Yeah, I understand that. I am hoping there are some more use case coming. It might be an interesting way to back SMTs in some way though. I think that the Leo Finance team might be working on something for it on CUB, but I think that it would be useful to have more native functionality and gateways.

You seem to be proposing an alternate staking period. Possibly useful, but seems a bit of diminishing returns. I mean 13 weeks isn't THAT long (6.5 weeks average). There was probably a better case for this when power up was two years. At this point let's say we had an alternate shorter staking of 1 or 2 weeks. Is that really enough value add relative to 6.5 weeks?

What I was thinking (in my limited head on these things) was more along the lines of a holding pool, that could have contracts placed upon it for a portion of the tokens, so they would be able to be used for staking purposes, whilst still being held behind owner keys in some way. kind of like an escrow?

I have no idea if this is useful or even possible.

I was also wondering if it could be used to stabilize HBD directly in some way using its value. But I can't get my head around that one.

Or, what if the savings wallet was used as a pseudo-stake wallet, that had voting capabilities with a three day powerdown, but it couldn't vote on governance and a portion of what it earned was burned?

It's perfectly reasonable but I'm still wondering whether the value add is enough to be making that kind of change. I'm just not sure that people need dial-a-staking-period to this degree. The 13 weeks (6.5 avg) isn't that bad unless you are completely a drive-by.

The 13 weeks isn't that bad unless you are completely a drive-by.

You'd think. But I am one of the fools that is powering up :)

The problem is that it is important to have compelling reasons to buy and hopefully stake Hive, in an environment where the 15%ish on curation isn't competitive.

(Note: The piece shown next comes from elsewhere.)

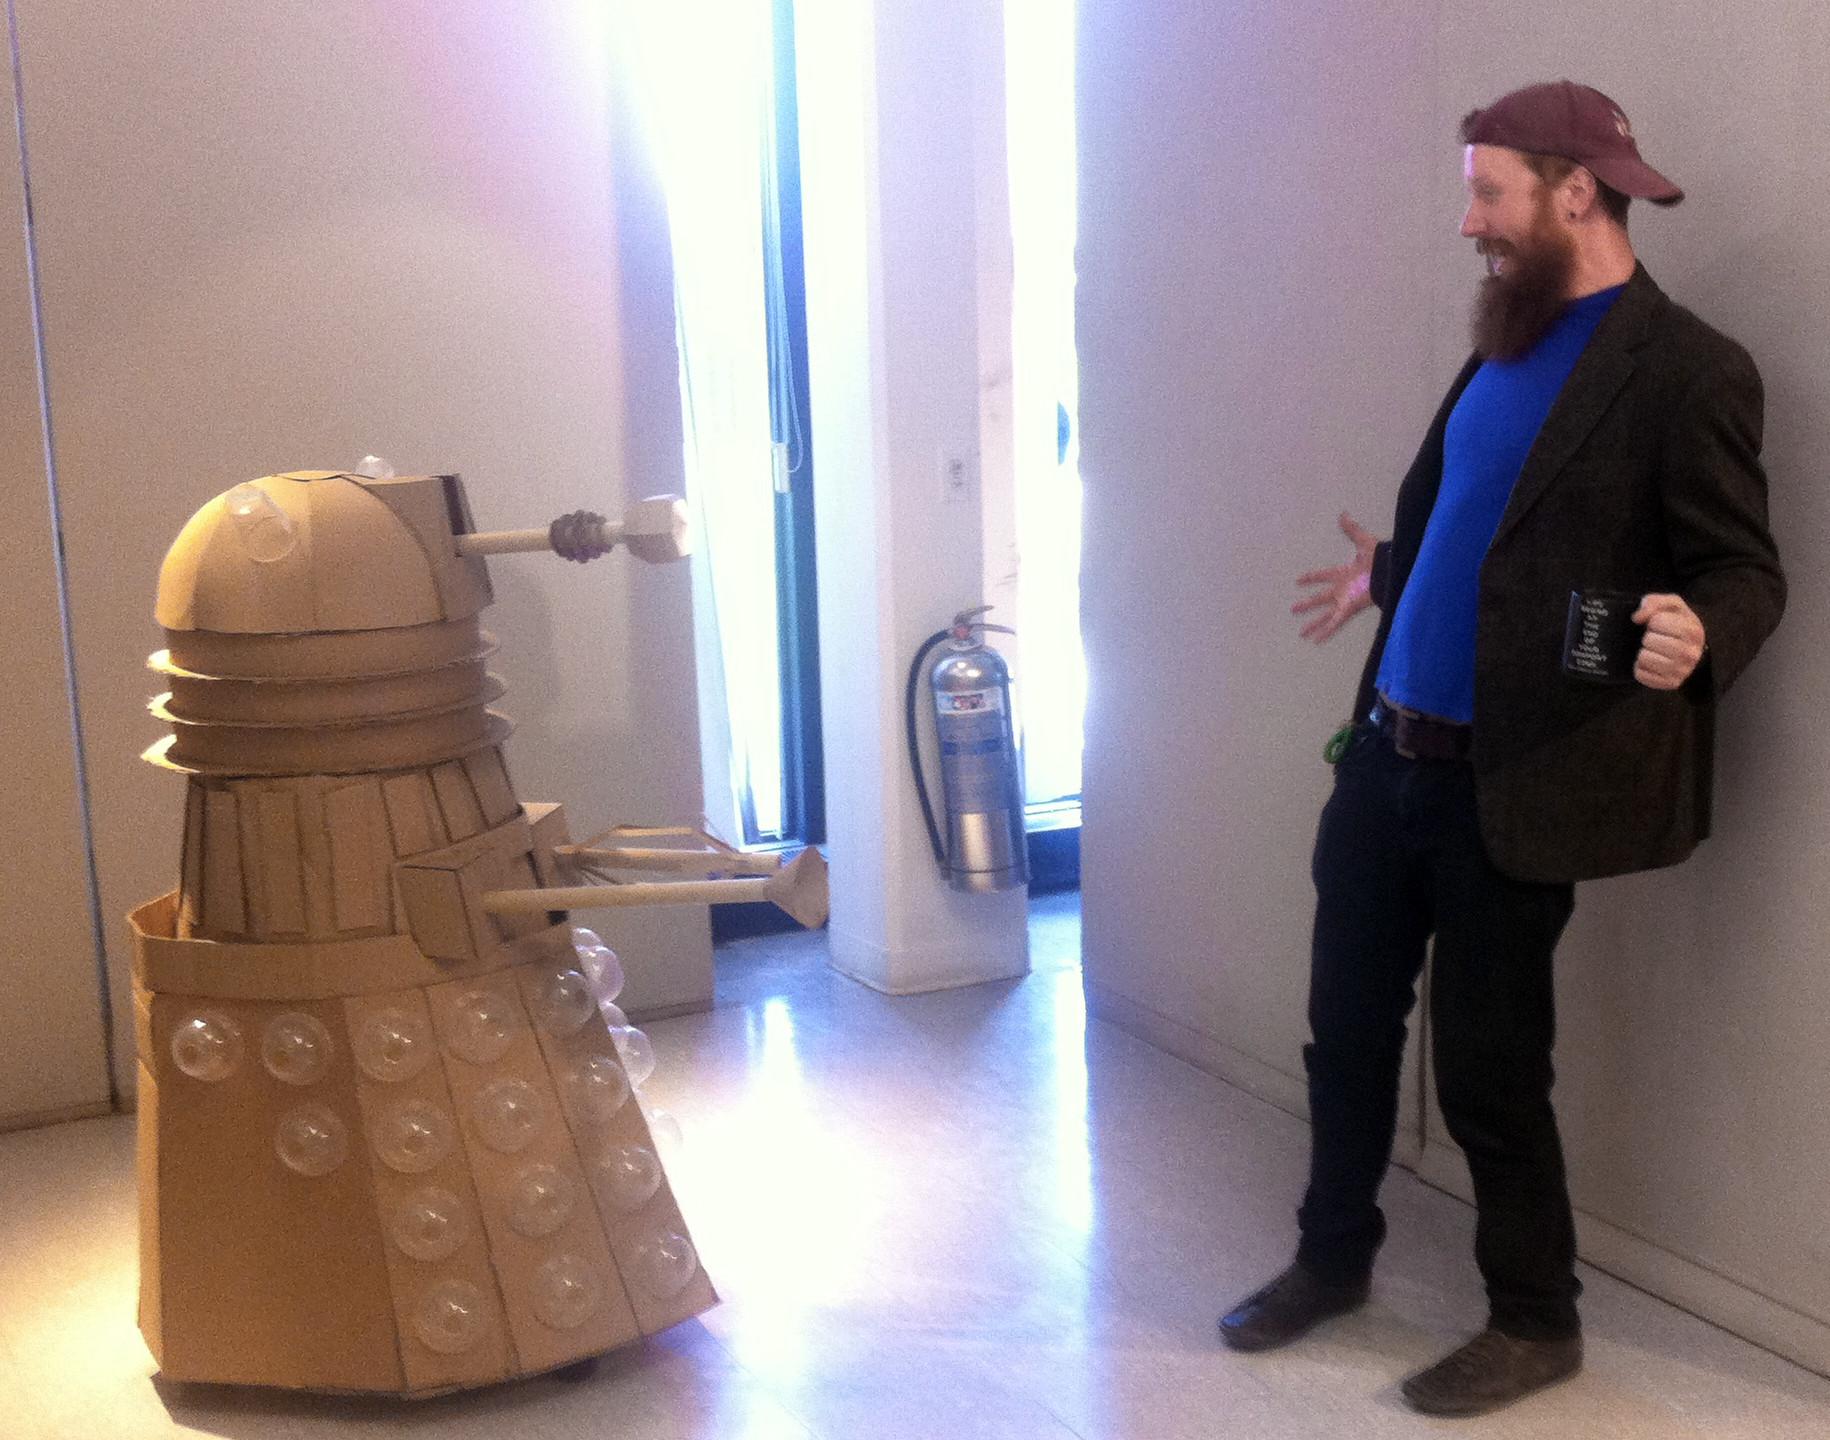 Derek and Dalek

There are heaps of positives to being staked on Hive, but as you know, many people still act on maximization of wealth, regardless of whether they enjoy it or not.

After reading the whole discussion between smooth and you, I agree with him that mirroring the other convert operation is best, so 3.5 days which is then reduced if we feel like it at a later hard fork.

HIVE!D

I believe this will also keep the HBD from flying into crazy territories like the ol SBD is doing rn...

High regards!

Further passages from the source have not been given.